For decades now, the prevalence of American manufacturing has been on the decline. Outsourcing, a lack of skilled labor, and the slow uptick of automation have taken their toll. However, recently, there has been a noticeable rise in both a demand and support for homegrown goods, with several manufacturers advertising their return to American soil, as those who stayed and weathered the recessive storm receive outspoken consumer praise.

But why does it matter that a product be made in the USA? What makes American manufacturing so desirable that consumers actively seek it—and some companies go so far as to fake it?

Mercedes dishonestly played up the American manufacturing of its Sprinter Van by labeling it "made in the USA."
Mercedes-Benz pulled the plug on its “Built in the USA” campaign, after a consumer watchdog group determined it to be a false claim. Source: Truth in Advertising

Star-Spangled Heart

Ironically, many of the forces currently threatening U.S. manufacturing are the very things which shaped it into a golden standard. Sure, no one enjoys overzealous regulations. They bite into profits and often create a mess of red tape for workers, management, and everyone in between. But, it’s largely thanks to federally-mandated safety protocols and quality assurances that American factories are among the safest in the world, producing some of the safest goods.

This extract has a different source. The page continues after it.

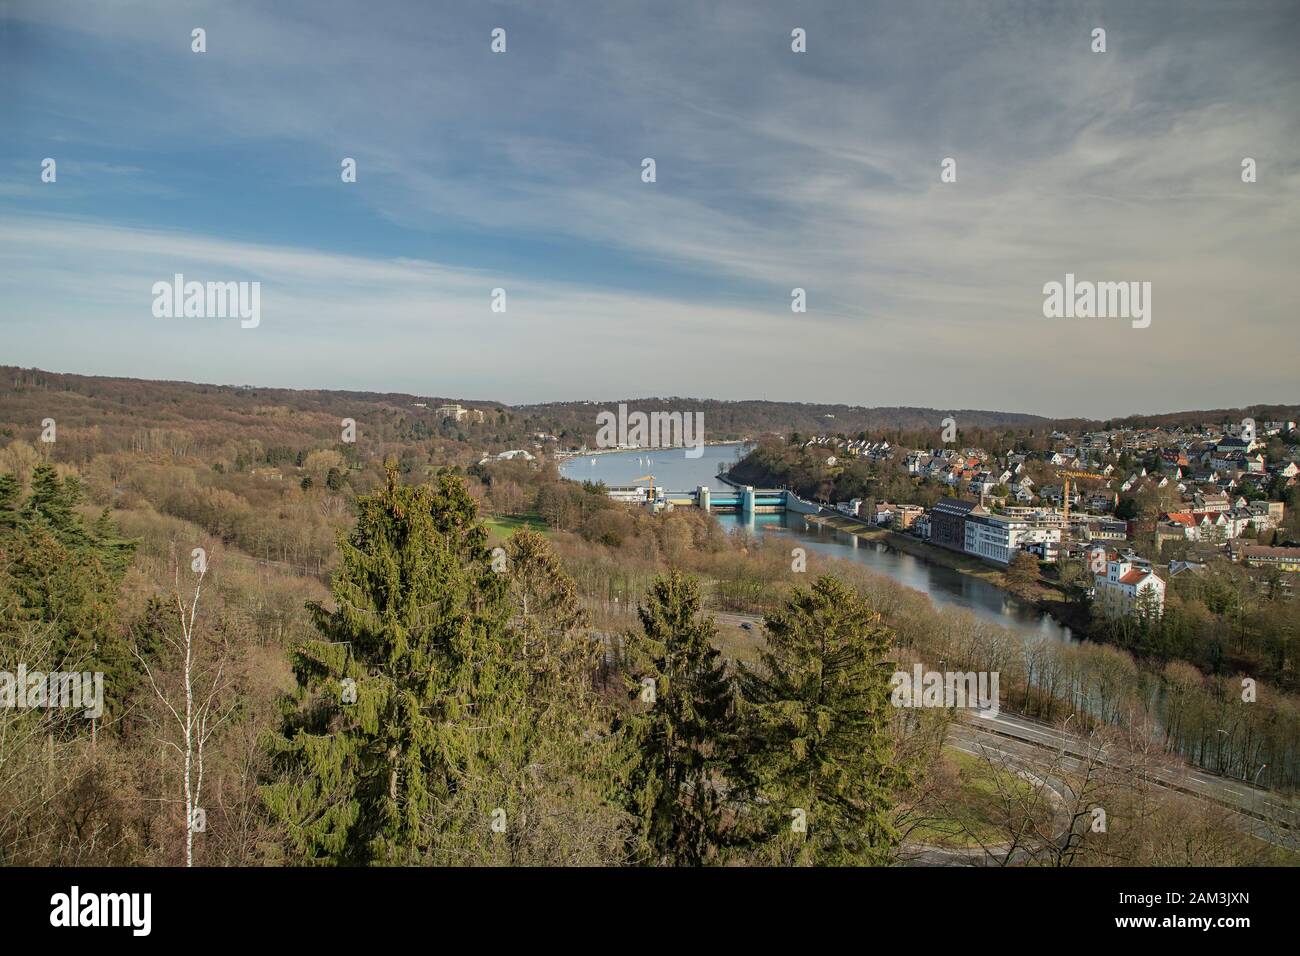 Essen - View from Baldeney-Steig to barrage and Lake Baldeney, North Rhine Westphalia, Germany, Essen, 23.02.2019 Stock Photo

Likewise, as expensive new tech threatens not just individual jobs but also entire markets, many innovations vastly increase productivity, output, sales—and again, safety. And, though we find ourselves in an alarming technician shortage, American tradespeople are earning more for their craft today than ever before. In fact, a 2018 Deloitte Institute report indicates that 83 percent of executives are offering higher pay to attract and/or retain skilled workers. That’s a 15 percent increase from just three years prior.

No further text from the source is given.